Receivers have been appointed to Gold Coast property group ALAMMC Developments following a push by the corporate regulator to preserve assets ahead of a full investigation into the company’s affairs including up to $70 million in funds estimated to have been raised from investors.
The appointment of receivers by the Federal Court to 13 entities associated with ALAMMC Developments was triggered by "urgent action" from the Australian Securities and Investments Commission (ASIC) against the company, which is said to have offered investment opportunities for purpose-built National Disability Insurance Scheme (NDIS) property developments across Australia.
Helen Newman and Andrew Fielding, of BDO, have been appointed receivers to the ALAMMC companies, which include Mortgage Mutual Fund Pty Ltd, Harvey Madison Capital Pty Ltd and Coral Coast Mutual Fund Pty Ltd.
The receivers are also in charge of the personal property of ALAMMC Developments director David McWilliams and his wife Laura Fullarton. The Federal Court had previously ordered the couple’s personal assets be frozen following a decision handed down in September.

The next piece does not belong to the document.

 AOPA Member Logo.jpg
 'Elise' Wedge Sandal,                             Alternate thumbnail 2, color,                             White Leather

The court has also extended international travel restrictions on McWilliams, who is now prohibited from leaving Australia or attempting to leave Australia until 1 July 2025.

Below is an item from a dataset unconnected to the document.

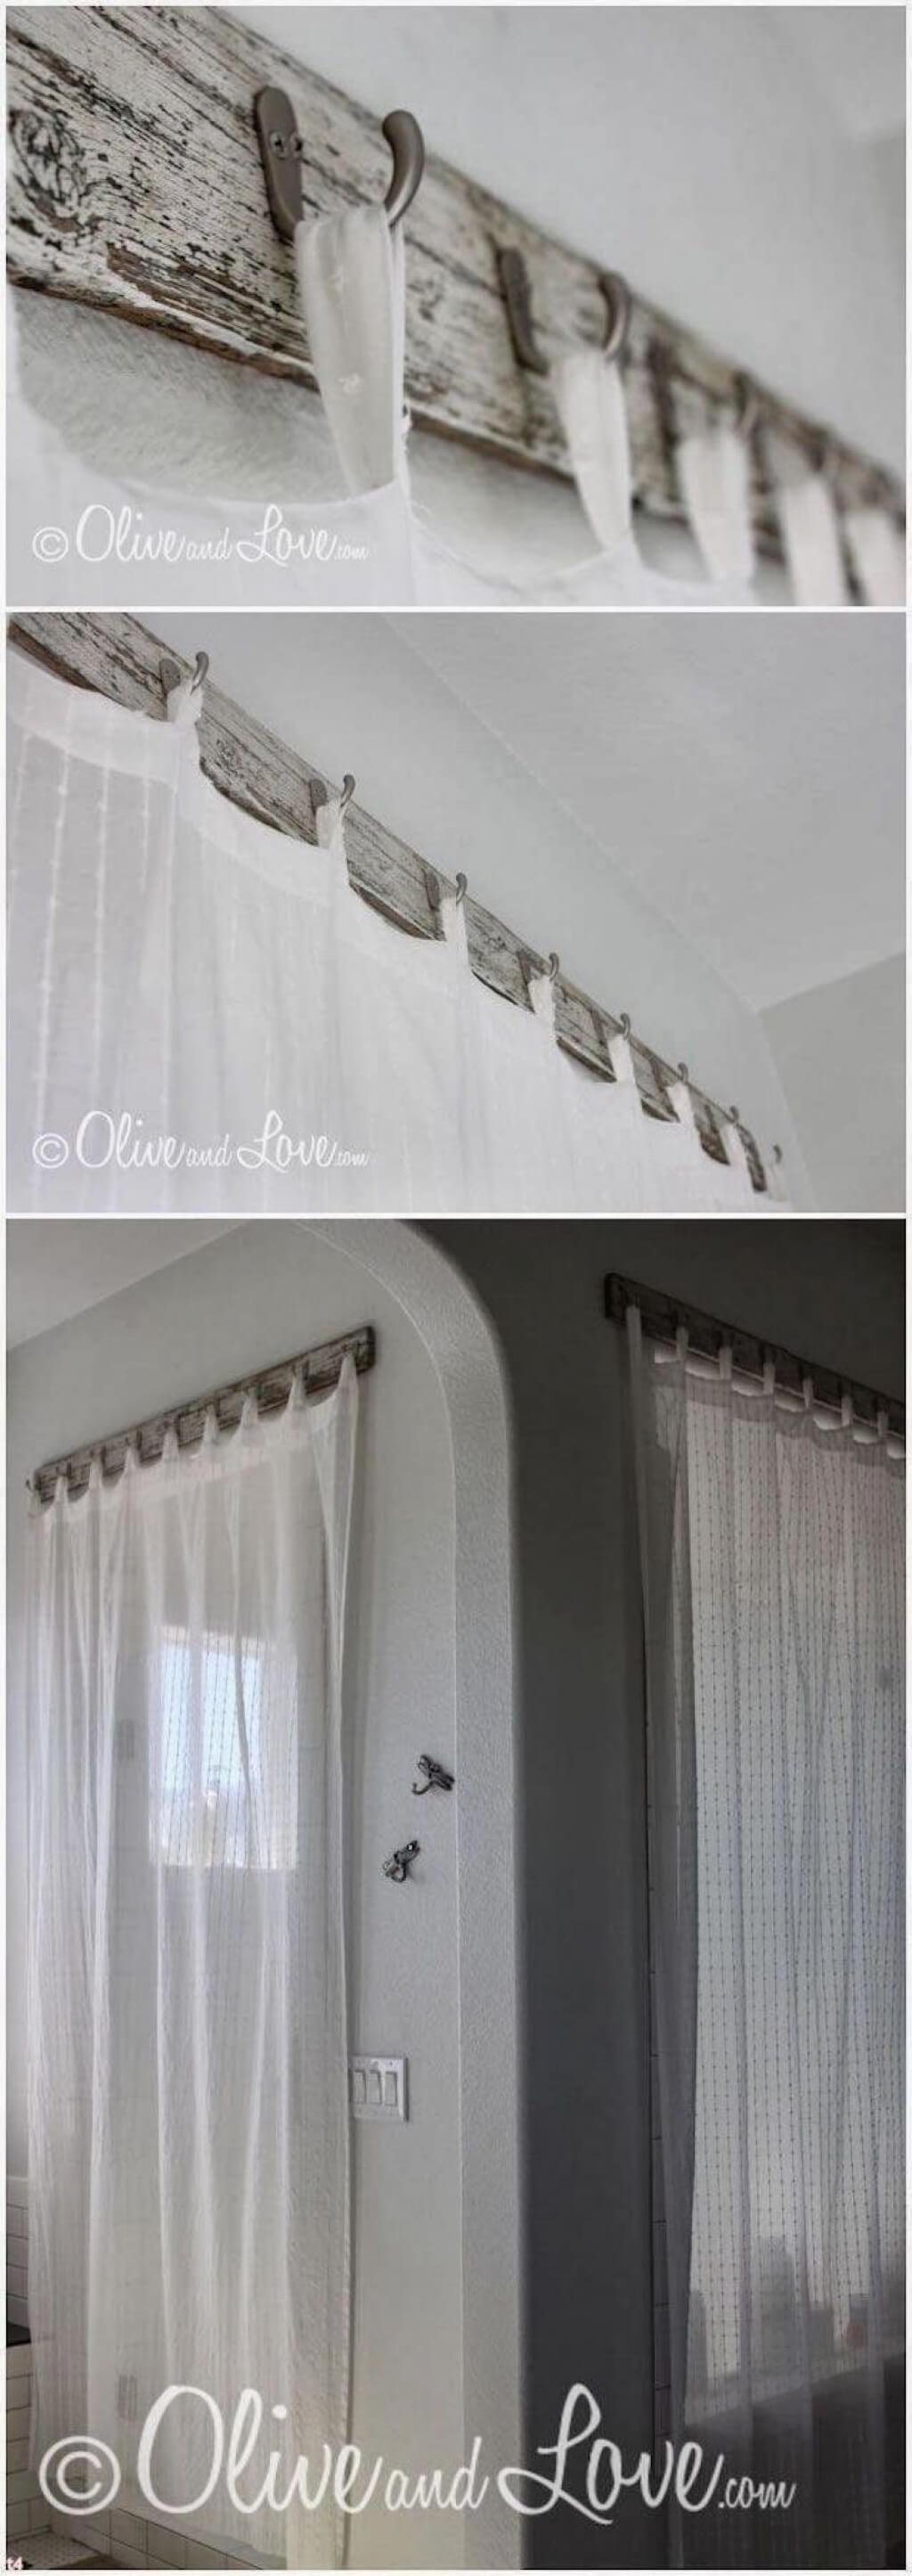 Hook, Line, And Sinker Curtain Beams

The latest court ruling follows a four-month investigation by ASIC into the affairs of ALAMMC Developments and McWilliams.
The investigation centres on ALAMMC companies and McWilliams being suspected of providing financial services and of using investor funds since 1 January 2021.
ASIC’s investigation so far has identified that since April 2021 investor funds totalling about $69.47 million were deposited into the bank accounts of companies associated with the ALAMMC group.
Federal Court Justice David Yates, in handing down the earlier judgement on 11 September 2024, noted that the ASIC investigation was triggered after receiving information from the Queensland Office of Liquor and Gaming Regulation (QOLGR) about McWilliams’ gambling activities “and the fact that he had lost significant sums of money at the Star Casino”.
“ASIC suspects that the gambled funds were sourced from investments made by investors in the businesses operated by the corporate defendants, or at least a number of them, raising concerns that these funds may have been misappropriated for this purpose,” said Justice Yates.
The latest ruling from the Federal Court to appoint receivers was handed down on 22 October 2024 but the reasons for the judgement were only published yesterday.
In handing down his reasons for appointing receivers, Justice John O'Sullivan said he rejected objections by McWilliams that the claims of gambling losses received from QOLGR were “hearsay” and that they were “unfairly prejudicial”.
“ASIC submitted that the evidence could not be unfairly prejudicial because it simply sets out the facts,” said Justice O’Sullivan.
“Those facts reveal that very significant sums of money were turned over in the casino over some 17 months. The lowest monthly amount turned over was just short of $500,000 and the greatest amount turned over in excess of $5 million. In each month, there was a net loss.”
The Federal Court was told that ASIC initially received a referral from the QOLGR in February this year revealing that between 1 October 2022 and 29 February 2024, McWilliams “made bets across all gambling streams at Star casinos (excluding Keno) totalling $39.53 million with a total net loss of $3.87 million”.
“Having traced at least some of the funds provided by investors, ASIC concluded that the $39 million used for gambling appeared to have been from those funds,” says Justice O’Sullivan.
ASIC says the newly appointed receivers have been ordered to investigate the total amount of investor funds received by ALAMMC Developments and its related entities and to provide a report to the Federal Court within 28 days.
According to evidence from ASIC, three LAMMC group companies each issued information memoranda to investors looking to invest in purpose-built properties for NDIS participants who receive federal funding for specialist disability accommodation.
The investments were presented as an “invitation to invest in convertible notes” which offered fixed returns of 10 per cent annually, with distributions paid monthly. Investors also had an opportunity to receive a 15 per cent bonus payment on the completion of the development project.
McWilliams is described on the ALAMMC website as having more than 30 years of experience in the finance and property sectors.
Among the current projects in the company’s pipeline are a 12-apartment project in North Freemantle and a mixed-use development at Midlands in Western Australia with each of the projects targeting NDIS tenancies.